Ik ben ook zeer blij te horen dat u verdere gesprekken met uw Benelux-partners zult voeren. Het bewijst nogmaals het nut van een hoorzitting of een debat over de toekomstige samenwerking.

 

08.10  Wouter De Vriendt (Ecolo-Groen!): Mijnheer de voorzitter, mijnheer de minister, ik dank u voor het antwoord.

 

Twee keer een uur vergaderen op 23 mei; ik heb de indruk dat men met de discussie niet erg ver is geraakt. Dat is jammer.

 

Ik kijk ook uit naar het parlementair debat over de kwestie omdat ik graag de voorstellen van België in detail zou willen kennen.

 

Het is opmerkelijk hoe het debat de afgelopen jaren amper werd gevoerd, terwijl het toch al een aantal jaren, zeker ook in de literatuur, een van de meest valabele pistes is om tot een efficiënt leger in strikte budgettaire omstandigheden te komen.

 

Laten we die discussie, de hoorzitting of het parlementair debat dus op een gedetailleerde manier voeren.

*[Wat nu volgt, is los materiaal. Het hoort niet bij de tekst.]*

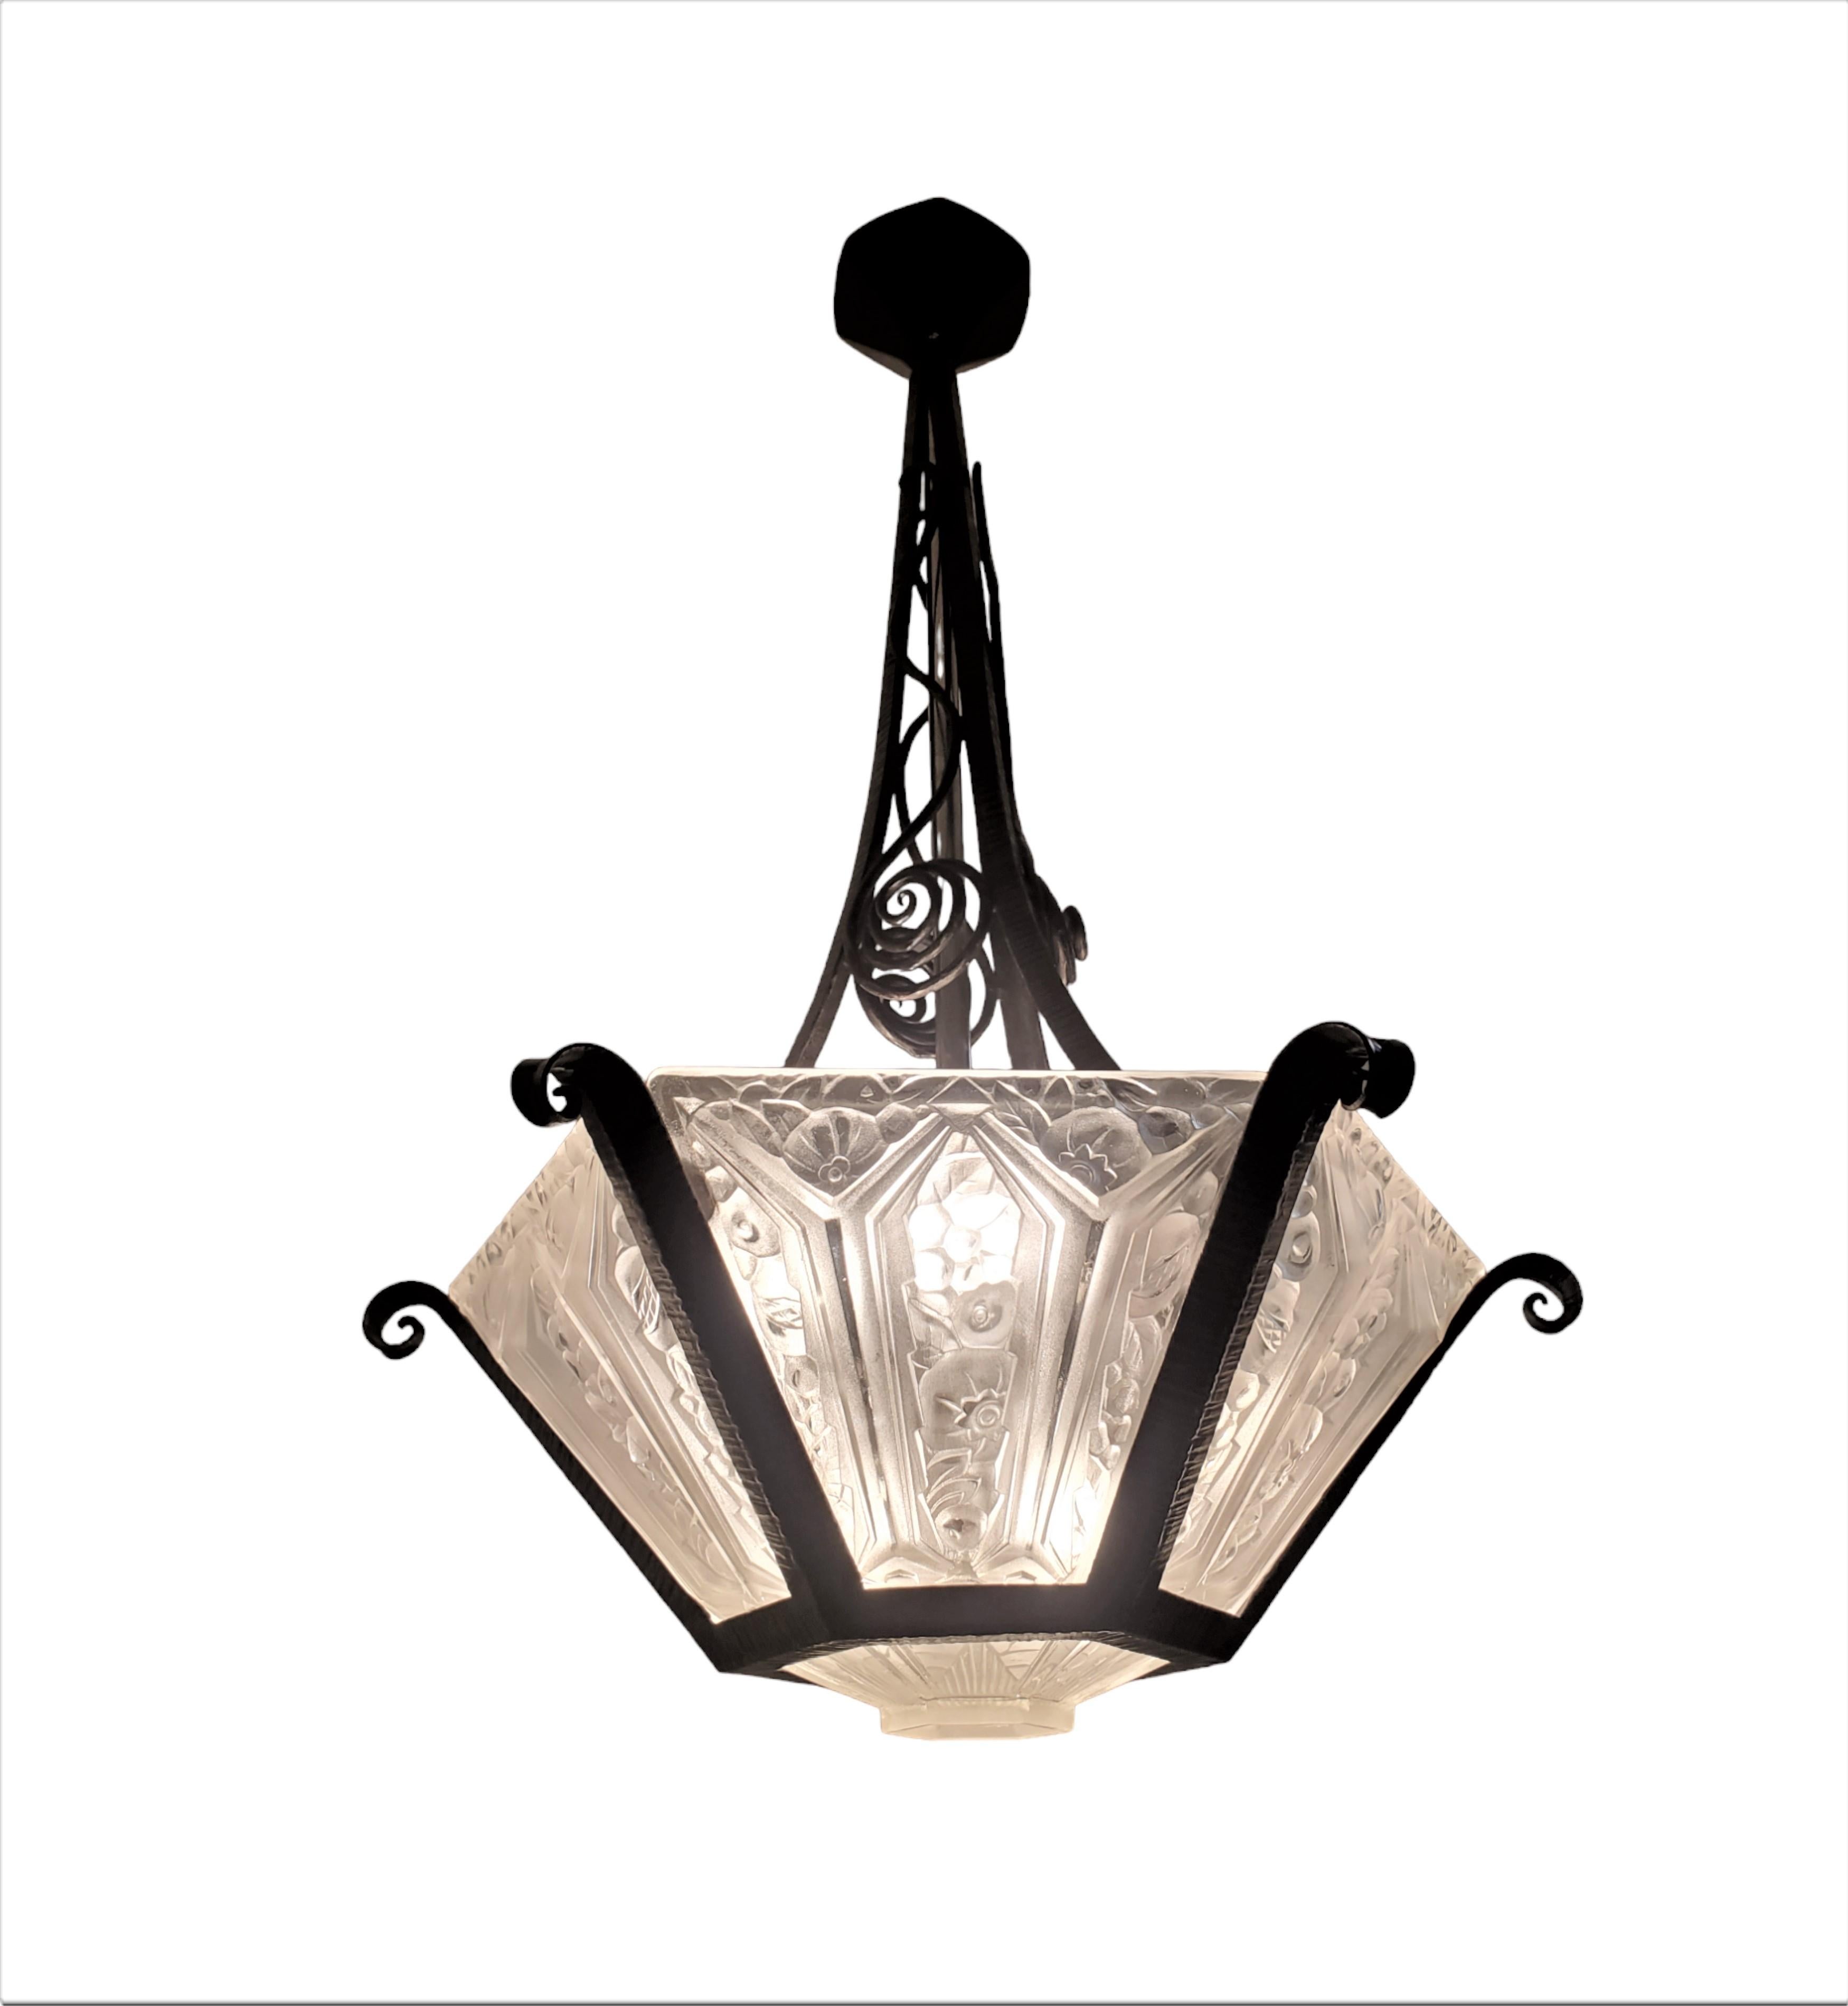 An exquisite French Art Deco chandelier by Verrerie Des Hanots characterized by its trapezoidal-shaped panels arranged in a captivating architectural form, is skillfully crafted within a hand-forged iron original armature. The six frosted art glass

Ik vraag van u daarom een actievere houding ter zake dan deze die wij de afgelopen jaren hebben gezien.

 

08.11 Minister Pieter De Crem: Ik denk dat de houding zeer actief is geweest. Na de Top van Gent en de formalisatie kwam de notie pooling and sharing voor het eerst ter sprake, ofschoon dit verre van verdragsrechterlijk vastligt. Ik kan natuurlijk niet zeggen dat ze soft law is geworden zoals de resoluties van de VN, maar het is toch een soft directive, een soft guideline, binnen de EU geworden.

 

Het incident is gesloten.

L'incident est clos.

 

09 Vraag van de heer David Geerts aan de minister van Landsverdediging over "vrouwen bij Defensie" (nr. 4771)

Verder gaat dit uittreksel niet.